The book Keir Starmer says you must read

Will Hutton’s This Time No Mistakes surveys the thinking that could solve Britain’s ills.

John Milbank is a theologian, philosopher and poet. A co-founder of the Radical Orthodoxy movement, he is an Emeritus Professor of the University of Nottingham.

Kier Starmer sits on a sofa, leaning forward and holding papers he is reading. Rachel Reaves sits and looks on.
Starmer and Reeves.
Labour Party

In the aftermath of a historic election, one could do worse than read Will Hutton’s second big ‘state of the nation book’, recently published. This Time No Mistakes is worth reading just for the succinctness and clarity of its politic-economic history of the United Kingdom since the industrial revolution, which it provides in its central chapters. Indeed, Keir Starmer says it is a ‘brilliant book... read it if you haven't already It may well take a sophisticated journalist to be able to do this so well: too often, even the best of academics cannot see the public wood for their private-obsessional trees.  

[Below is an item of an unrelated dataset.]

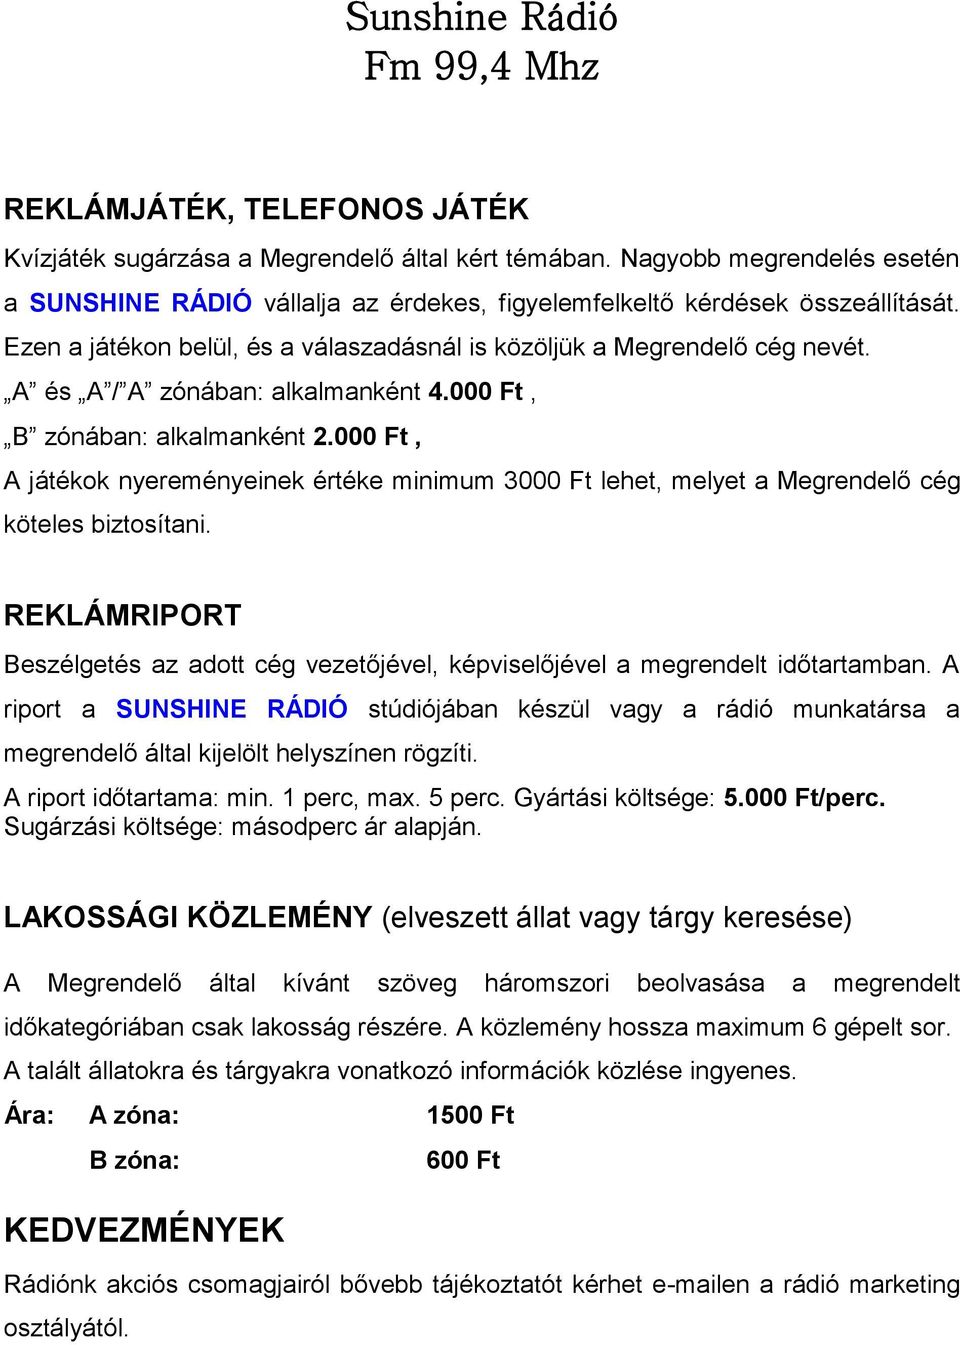 Sunshine Rádió Fm 99,4 Mhz - PDF Ingyenes letöltés

But it is doubly and mainly worth reading for Hutton’s prognosis of our ills and his recommendations for solving them. The new Labour government could do far worse than try to carry through Hutton’s proposals, which almost anyone of common sense and goodwill (including all Tories) ought readily to endorse. Indeed, if the next government managed to initiate even a half of what he suggests, this country could be placed back upon the right tracks.  

As to the history, which is crucial to the ultimate diagnosis: Hutton contends quite simply that Britain has been self-deceived by the peculiar nature of its industrial revolution, which was the first in history. It was largely a matter of private enterprise, partly enabled and later cushioned by empire, whose possession encouraged us to support an unqualified doctrine of free trade.  

However, all other nations, including the United States, both when they sought to catch up with the steam and rail revolution, and when they later co-pioneered the ones based on gas and electricity, and ultimately on nuclear and digital, from the outset depended much more upon state intervention to promote needed expertise, education and investment. The United Kingdom, by contrast, remained captivated by the mythical glory of its initial take-off.  

As a result, not just Conservative governments, but also Labour ones, right up to the New Labour one, and including the catastrophically misguided work of Margaret Thatcher (Hutton is admirably unqualified here) remained far too captivated by the norms of economic laissez-faire, ‘balancing the books’, a primacy of finance over production and obsessive Treasury concern with money, rather than productive wealth.  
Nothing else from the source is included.